Jane, who could very well have a pair of wings on her back as far as I’m concerned, assists me in ‘putting all my ducks in a row’. Let’s see, I have Skip, my cousin Traci who lives in Reno, the hotel staff whom I’ve come to know well…I think I can do this…”Yes, let’s do it!”
As I get ready to leave Nurse Tammy informs me that the doctor wants me to have CT scans done on my neck and lower back to compare side by side with my MRI. Fortunately this can be done at the Incline Village Hospital just down the road.
After a call to Skip, I’m on my way to my first ever CT scan. Everything goes smoothly so I’m back at my hotel by 3:30. Oops! Did I miss out on lunch again? While I was being scanned Skip picked up two containers of fresh, homemade soup for me from the local deli. These are supposed to go into the fridge to provide post LP meals but I decide to enjoy some now. Exhausted, both physically and mentally, I call it a day.
Determined to make my last meal upright a big one I gorge myself at breakfast prior to my 6:45 AM pickup. Because I will be spending the entire day at the office I have all I will need in hand, including food and drink.
I am advised that a little caffeine can help with any possible headache so I bring a small can of Pepsi along with plenty of H2O. My lunch will be a banana and a pureed butternut squash soup which I can easily sip through a straw. Drinking straws will be a key to obtaining fluid and nourishment while lying down….Ever try eating or drinking while lying flat?
I arrive on time for the 7:30 appt. As expected, the procedure is a piece of cake with the longest time spent waiting for my cerebrospinal fluid (CSF) to drip, drip, drip into the four tubes Dr. P uses to collect enough fluid to be able to freeze for future tests and studies.

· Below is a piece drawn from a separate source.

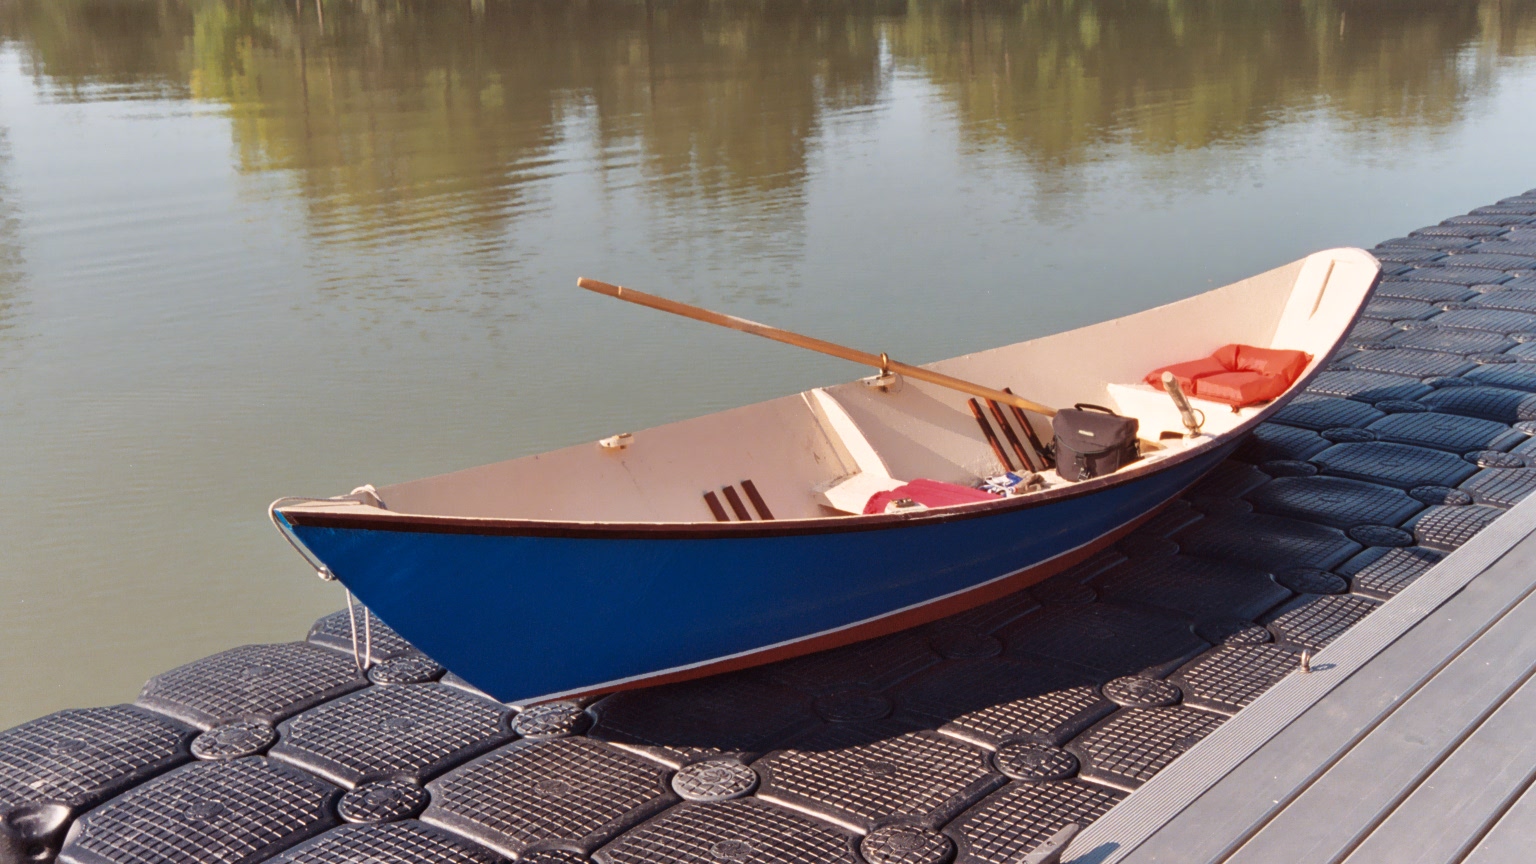  Bolger’s most frequently built boat, the Gloucester Light Dory is
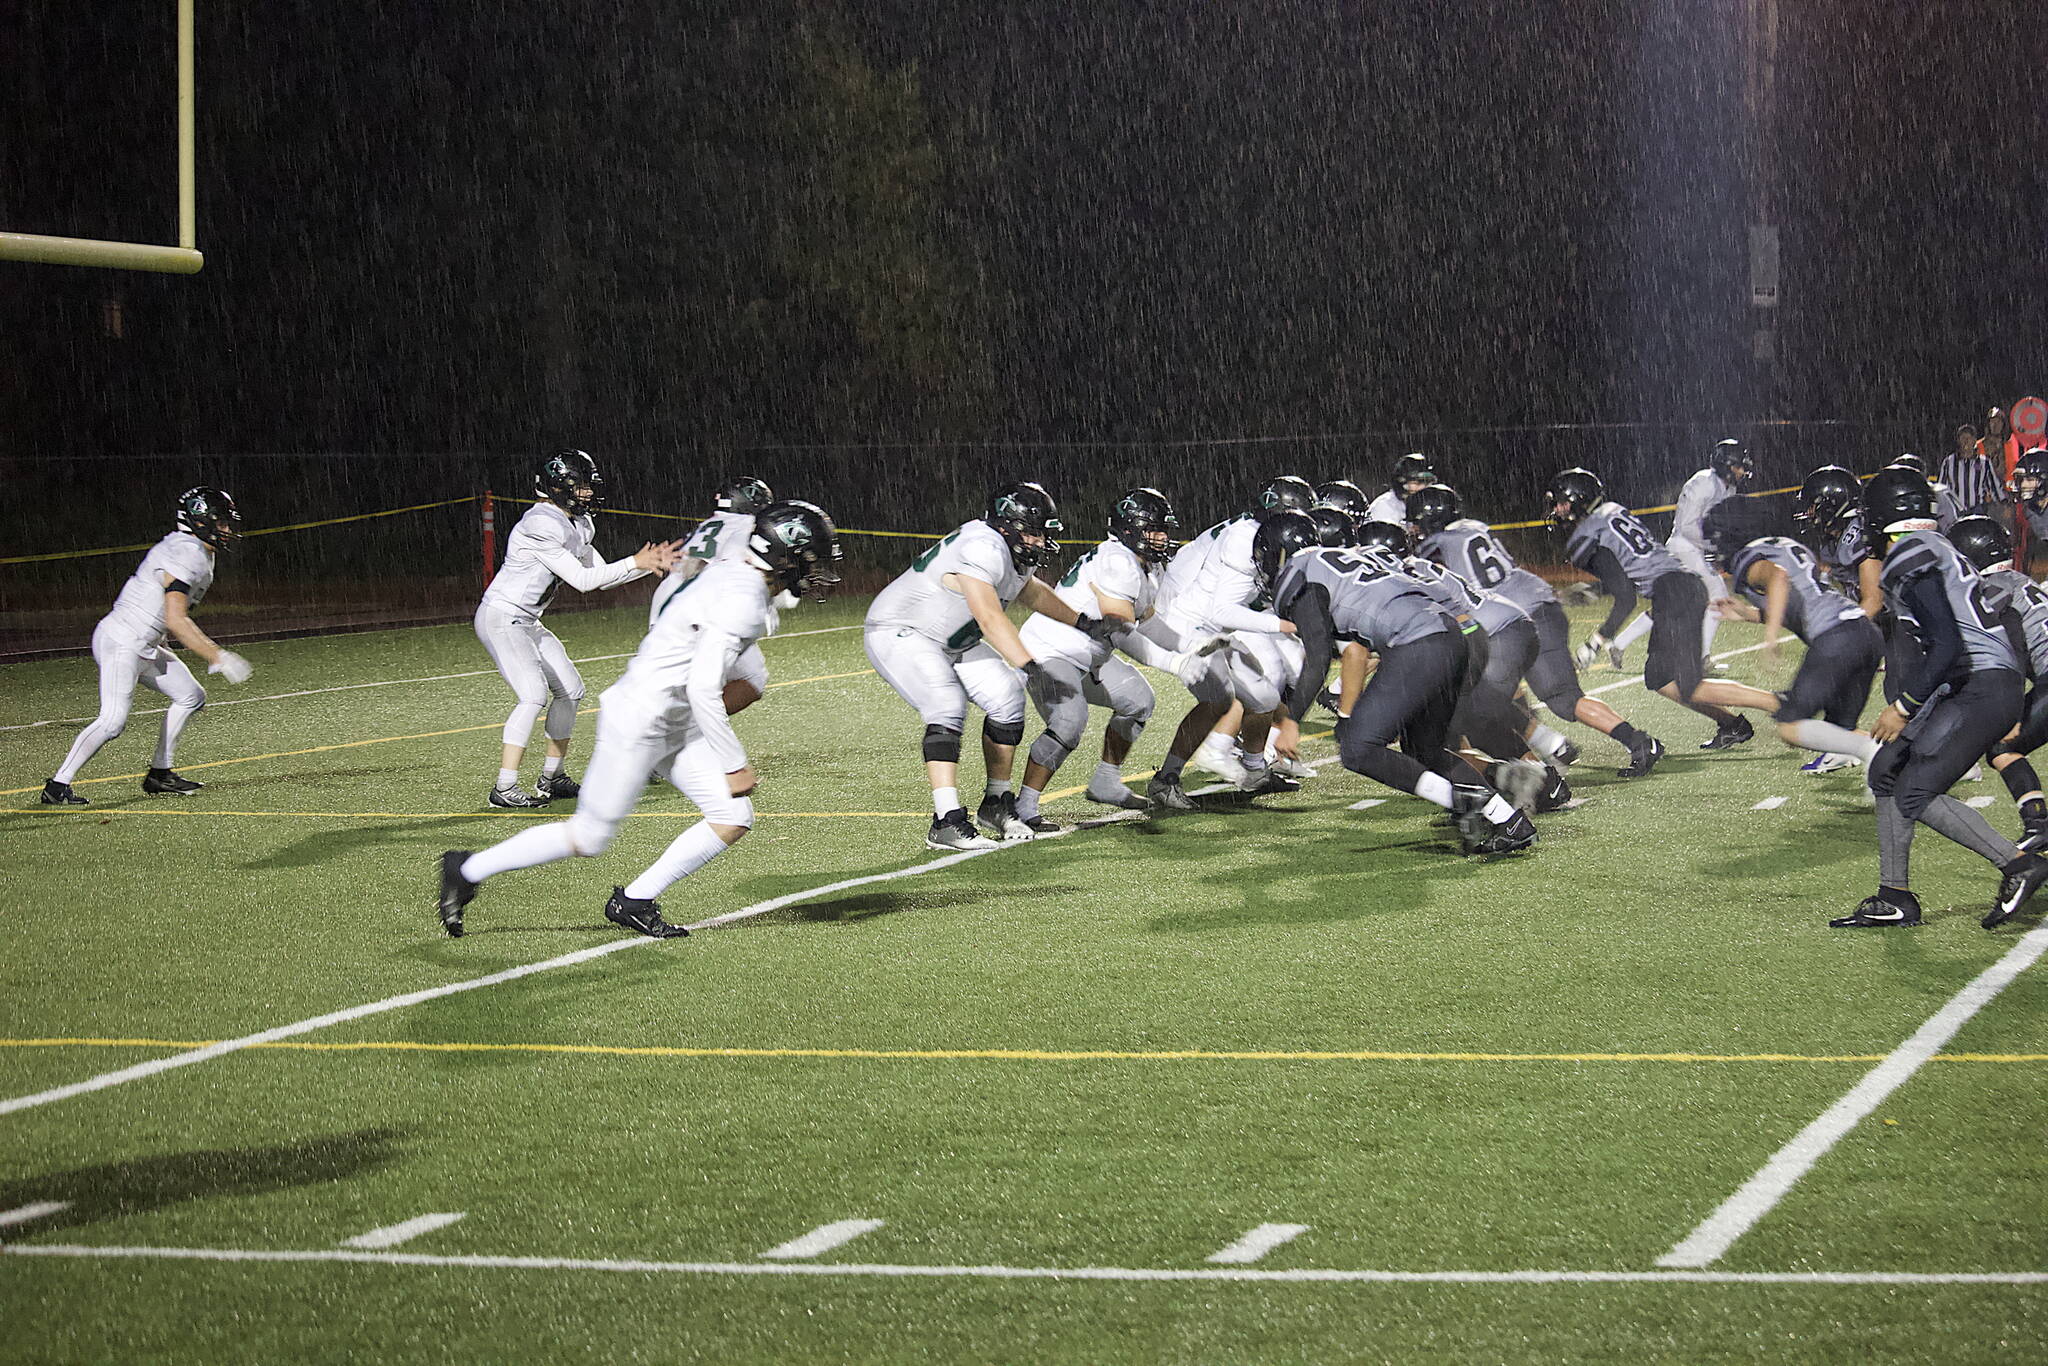 Colony tries to get out of its own end zone after a punt pins them at the 1-yard line during their game against the Juneau Huskies on Friday night at Adair-Kennedy Field. (Mark Sabbatini / Juneau Empire)

As is commonly the case with ME/CFS patients my CSF pressure is higher than normal but Dr. P. informs me it’s lower than last time. I then mention I would like to envision what I would like the tests to show; in order words, “hope for the best” but I’m confused as to what that is, so I ask, “What would be the best case scenario?”
“That’s a very good question” he answers, “Inflammation from viral reactivation”.
In just a few minutes the procedure is done and I am moved to the recovery room. Dr. P relocated to this new building about a year ago and it’s obvious this room was designed with this purporse in mind as it comes equipped with its own restroom and is quiet and comfortable. I know I’ll be spending the entire day here so I request, and am given, 2 liters of saline to help replenish the CSF I’ve lost. Naps, lunch and phone calls follow and before I know it it’s 3:30 and it’s time to go.
Cousin Traci is the one who will transport me to the hotel….there’s just one problem, however, her passenger seat does not fully recline. (Remember, I’m supposed to lie as flat as possible) and the struggle to crawl in and then try to remain horizontal in a partially upright seat….is painful. The 30 minute ride seems like an eternity. Thankfully I had received a ½ dose of a Toradol injection to help with the possible pain which can result from such contorted positions.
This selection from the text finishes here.